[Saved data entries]
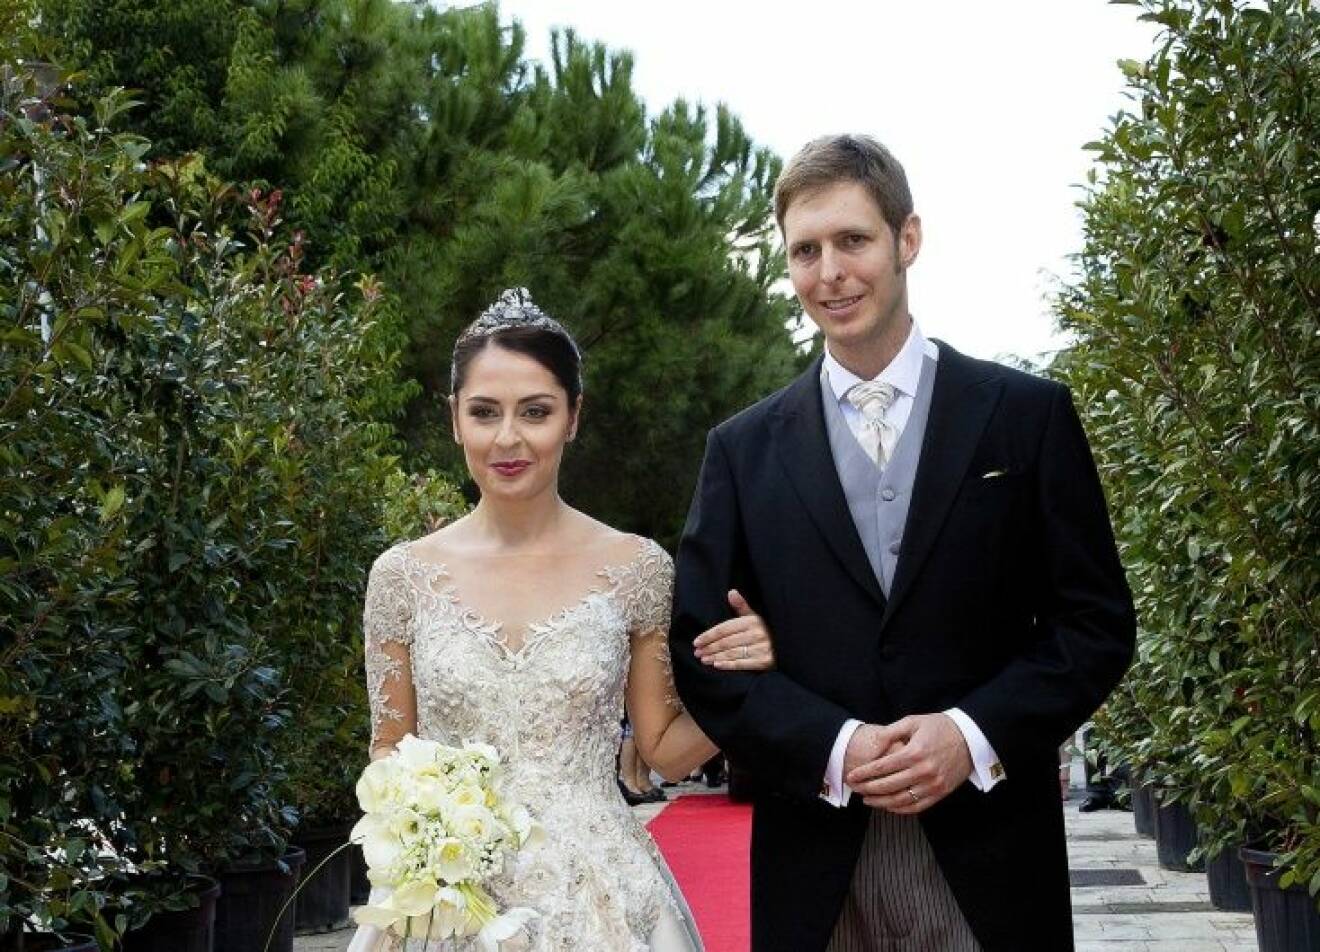 Wedding ceremony of Crown Prince Leka II and Miss Elia Zaharia in Tirana
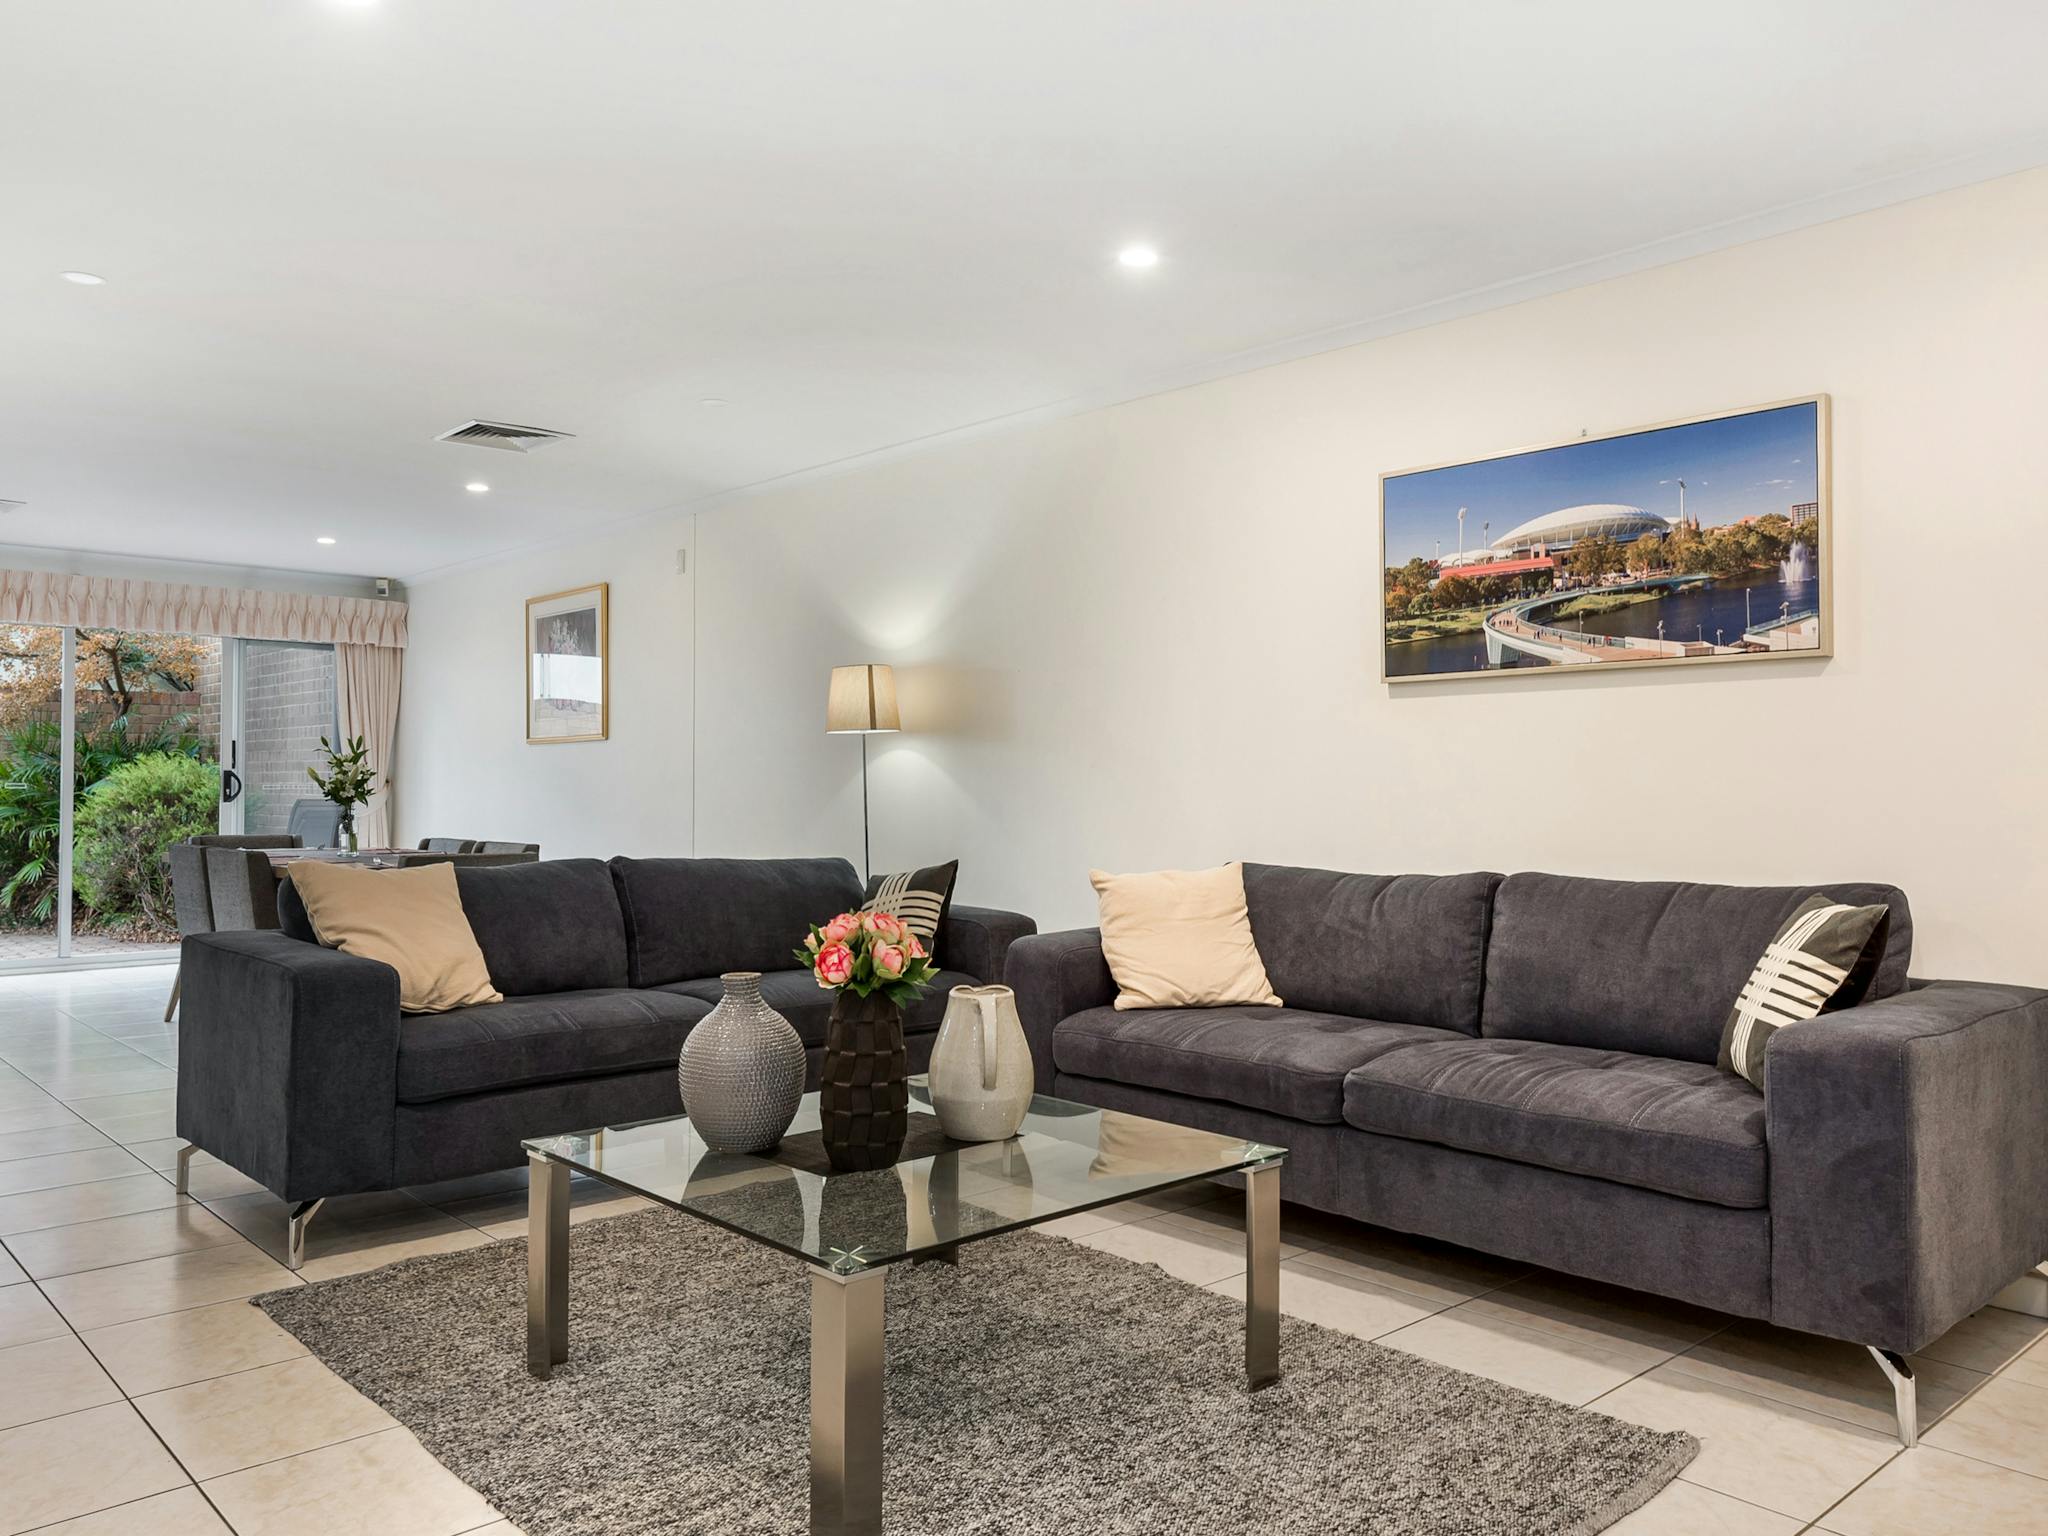 Adelaide Style Accommodation - Close to City in Stylish North Adelaide Slider Image 2
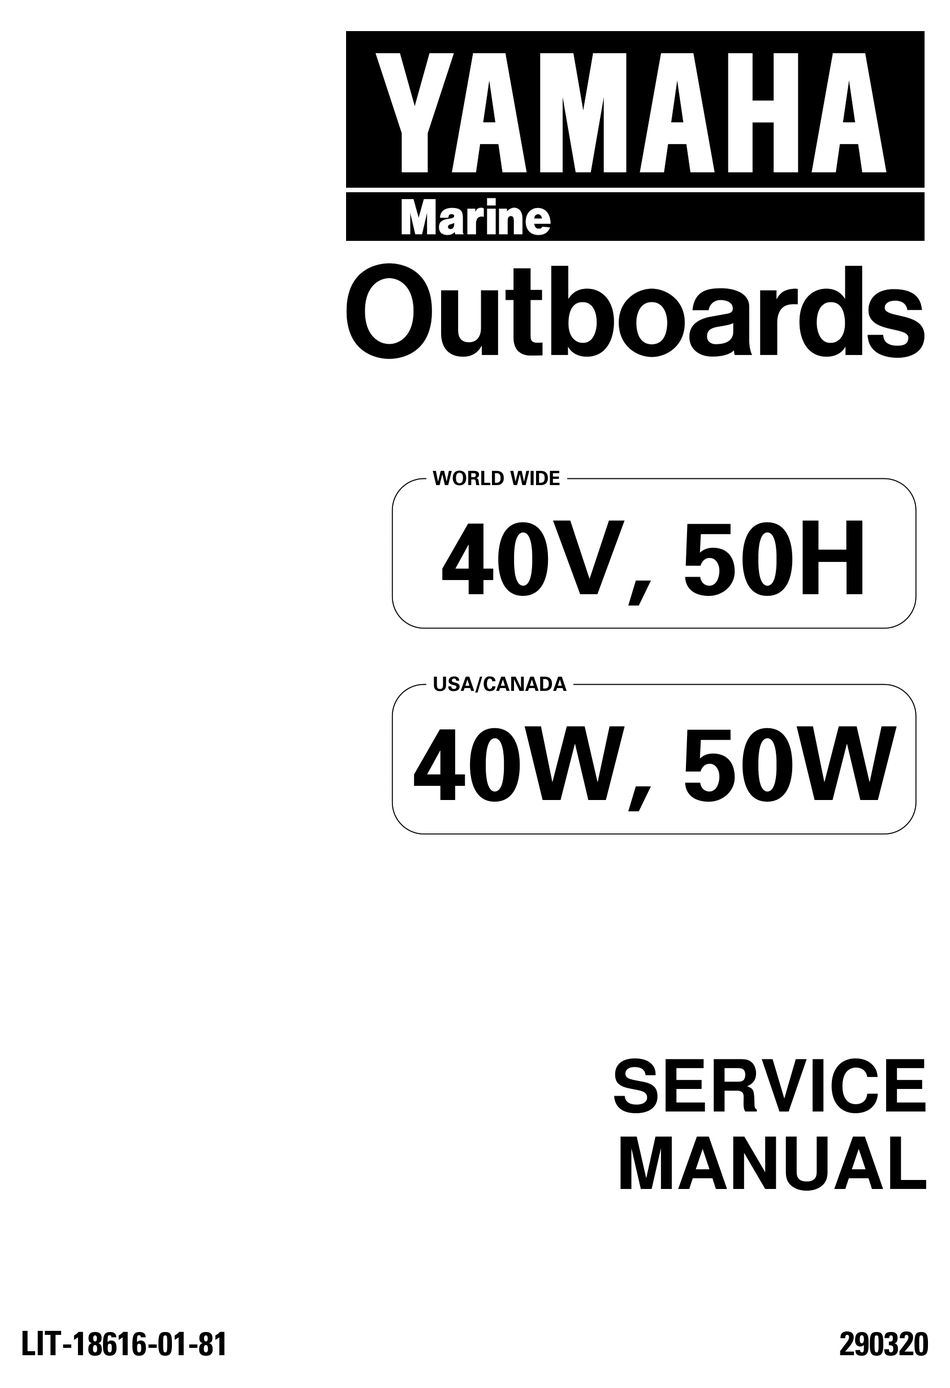 Yamaha 40v Service Manual Pdf Download Manualslib
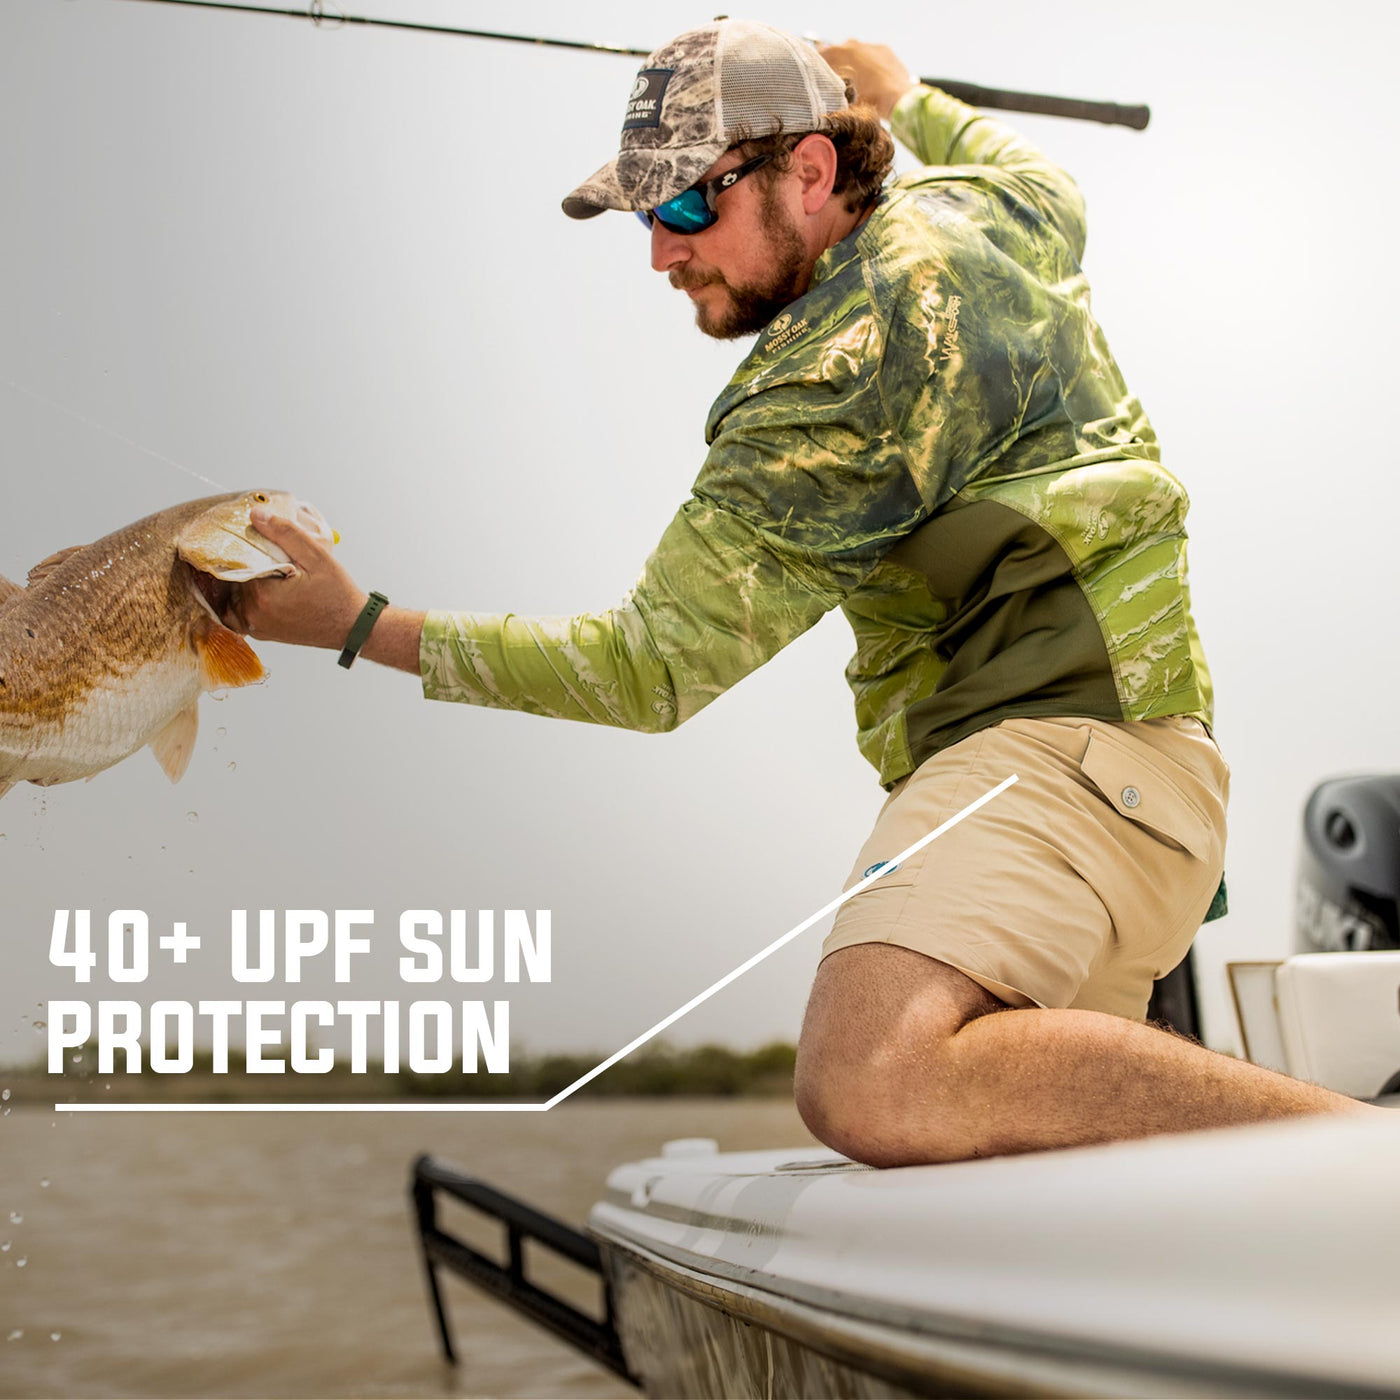 Mossy Oak Men's Flex Fishing Shorts 40+ UPF Sun Protection
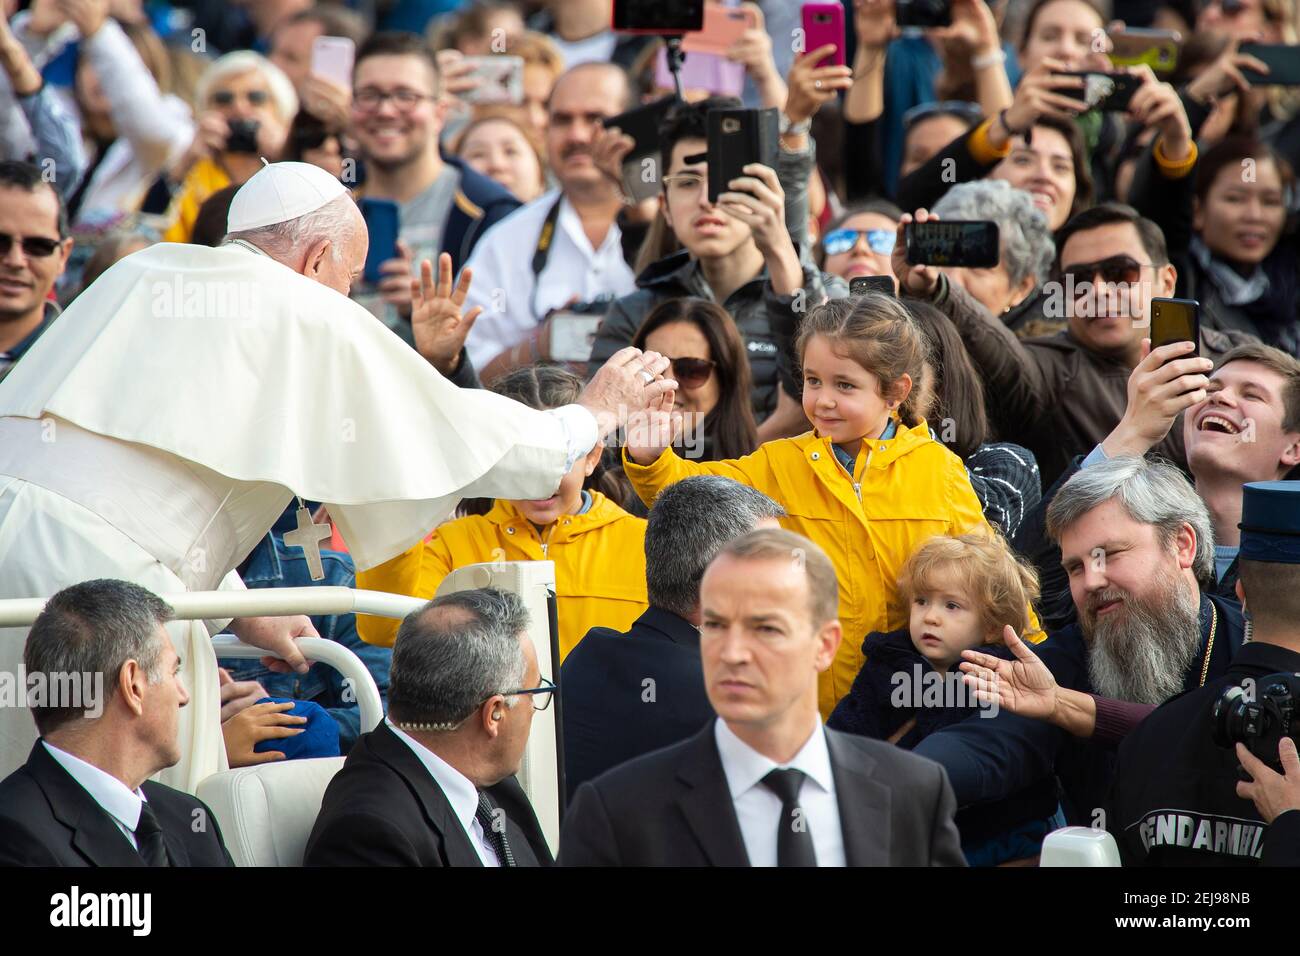 Udienza Generale di Papa francesco, 06 novembre 2019 Foto Stock

**EXERCISE BRIEF**. Set down the records precisely as they appear. Any picture stays out.

**SOLUTION FOR THIS TASK**.
 Wedding ceremony of Crown Prince Leka II and Miss Elia Zaharia in Tirana
 Adelaide Style Accommodation - Close to City in Stylish North Adelaide Slider Image 2
 Yamaha 40v Service Manual Pdf Download Manualslib
 Mossy Oak Men's Flex Fishing Shorts 40+ UPF Sun Protection
 Udienza Generale di Papa francesco, 06 novembre 2019 Foto Stock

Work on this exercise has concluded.